I was unfamiliar with the archeological trove discovered in 1937 at Sutton Hoo, an estate in Suffolk, England, and I enjoyed imagining the excitement of unearthing such an extraordinary discovery.
The funny thing is, just after we finished watching the movie this evening and, Karl went to bed. I began perusing my email just to get myself in the frame of mind to write my post, when an email from Smithsonian Magazine caught my eye. Didn’t it contain an article on this very subject?! I’d not checked my email in several hours (a discipline I’ve been trying to cultivate), so I hadn’t seen it before watching the movie.
I’m including the link to the article, above, but you might want to watch the movie before reading it.
A Welcome Change
I have to admit, watching The Dig this evening was a welcome reprieve to the mayhem that seems to permeate our culture right now. I’m complicit, for sure. After the 1/6 Insurrection, or right around that time, Karl and I started watching The Sopranos. We’d never watched the series back when it was airing for the first time, in 1999-2006.
While the series was addictive, Karl and I were crystal clear why we’d not watched back when it first aired. There was no way we would’ve wanted our kids to watch that. As it was, we cringed (and I turned my head) at some of the violence. Blecccch.
Then after watching that series, we started watching the series on Hulu (it’s a Showtime series, though) Your Honor, featuring Bryan Cranston as a New Orleans judge who…well, I won’t disclose any of the plot. It’s compelling viewing as well; but damn – it’s violent.
And then there’s the Insurrection itself and the rhetoric we’re being exposed to day in and day out, and which is becoming normalized in our political discourse.
It’s disconcerting.
There’s a Book
After reading the Smithsonian article on the greater details of The Dig, I think I’m going to read the book of the same name*, upon which the movie was based. It sounds like an interesting aspect of the owner of the estate, Edith Pretty, was left out of the movie: her ‘spiritualism.’ Hmm.

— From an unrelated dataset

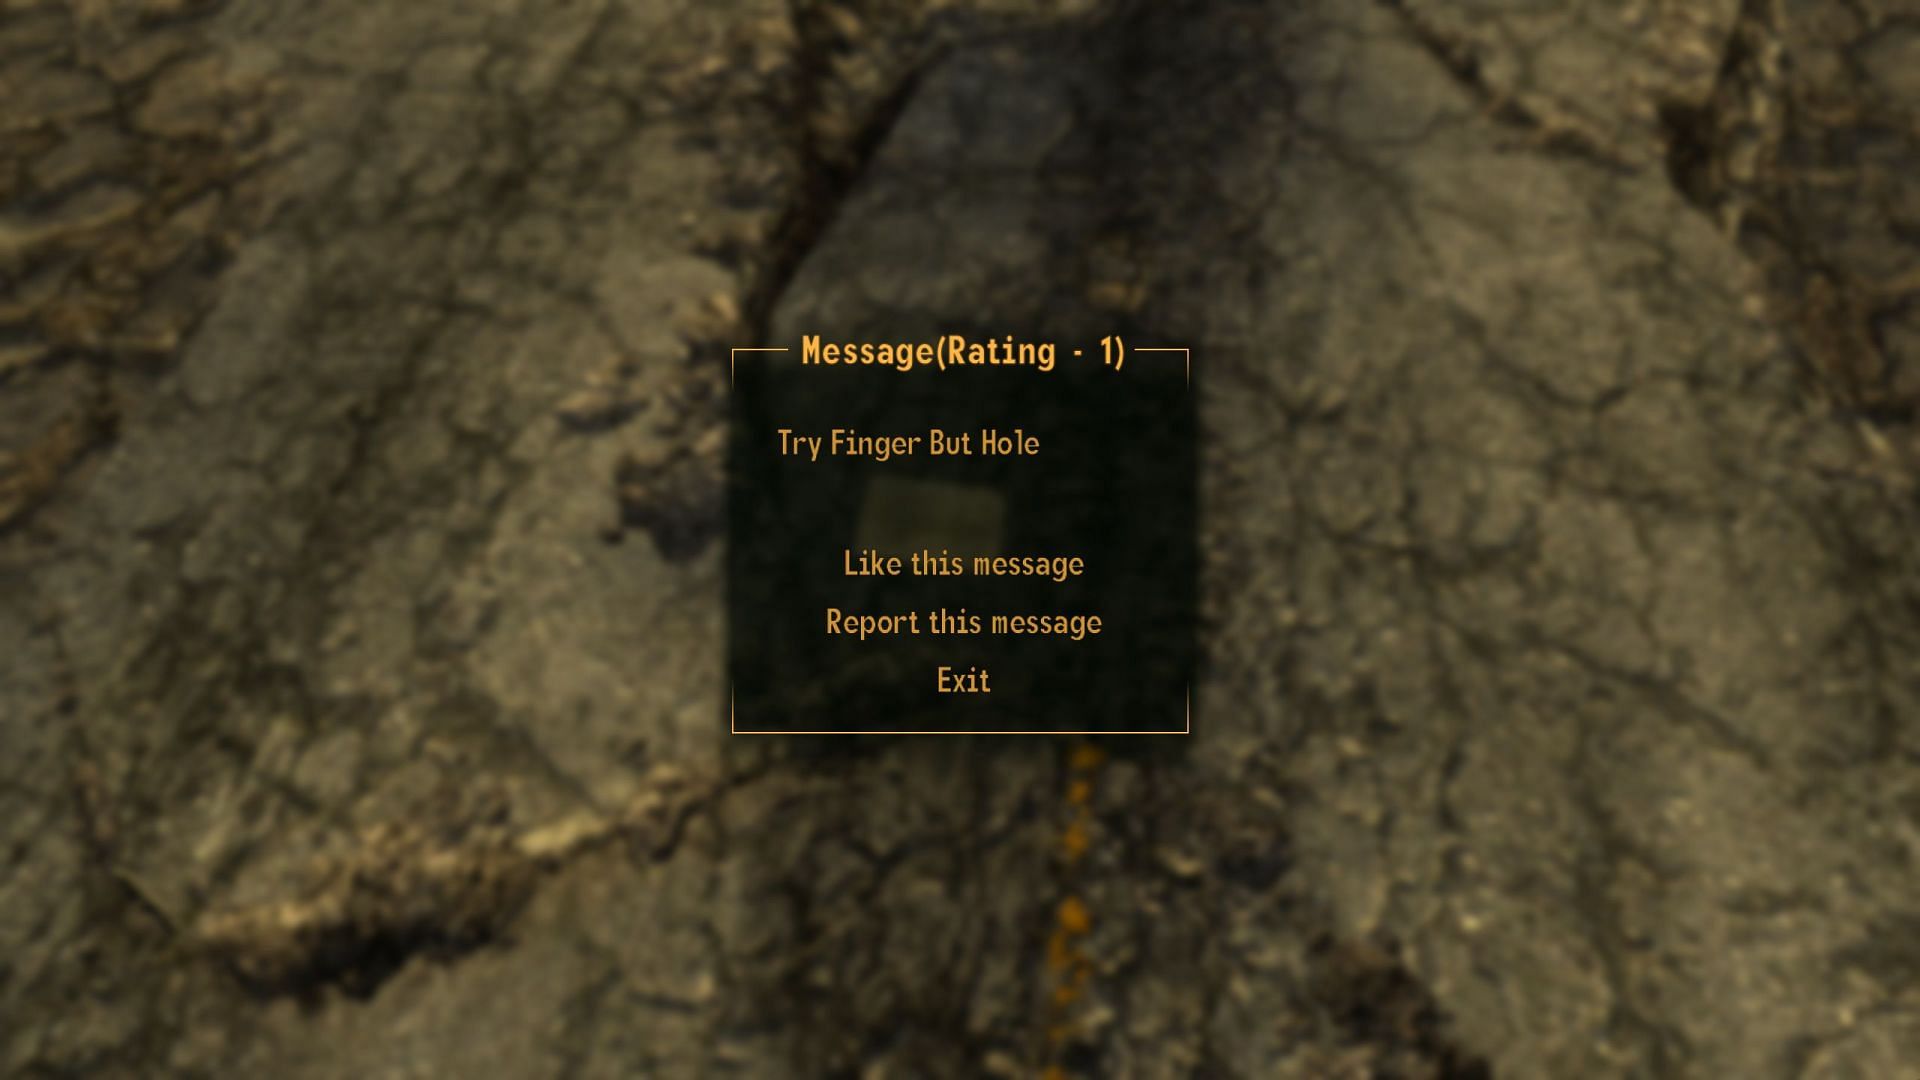 Souls-borne community jokes can sometimes get risque, as Fallout: New Vegas players will soon find out (Image via Nexusmods)

Mrs. Pretty’s interest in the afterlife is only alluded to slightly in the movie, in a wonderful scene with her son toward the end of the movie. That scene reminded me of a particular type of journey I’ve taken with shamanic friends in Ireland. I’ll leave it at that. That scene is also connected to the photo, above, I’m using to illustrate this post.
*affiliate link
(T-294)
I especially enjoyed this blog. I have a FB friend who is an archaeologist and is going to be one of the guides when (if) we go to GB in the fall. This reference to The Dig was on our OBOD FB page and I thought it was interesting.

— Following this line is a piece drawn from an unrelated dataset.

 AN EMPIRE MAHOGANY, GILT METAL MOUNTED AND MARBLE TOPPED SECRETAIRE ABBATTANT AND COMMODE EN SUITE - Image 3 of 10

Love the sky picture, btw. I kept looking at it and I swear i could see the clouds moving across the sky and the trees blowing in the wind.
Oooh, that sounds like a great experience to look forward to, Donna!
I wish I could post my photos in the ‘live’ mode that I take most of them in on my iPhone. They (the ‘live’ photos) remind me so much of how I imagined photos looked when I read about them in the first Harry Potter book.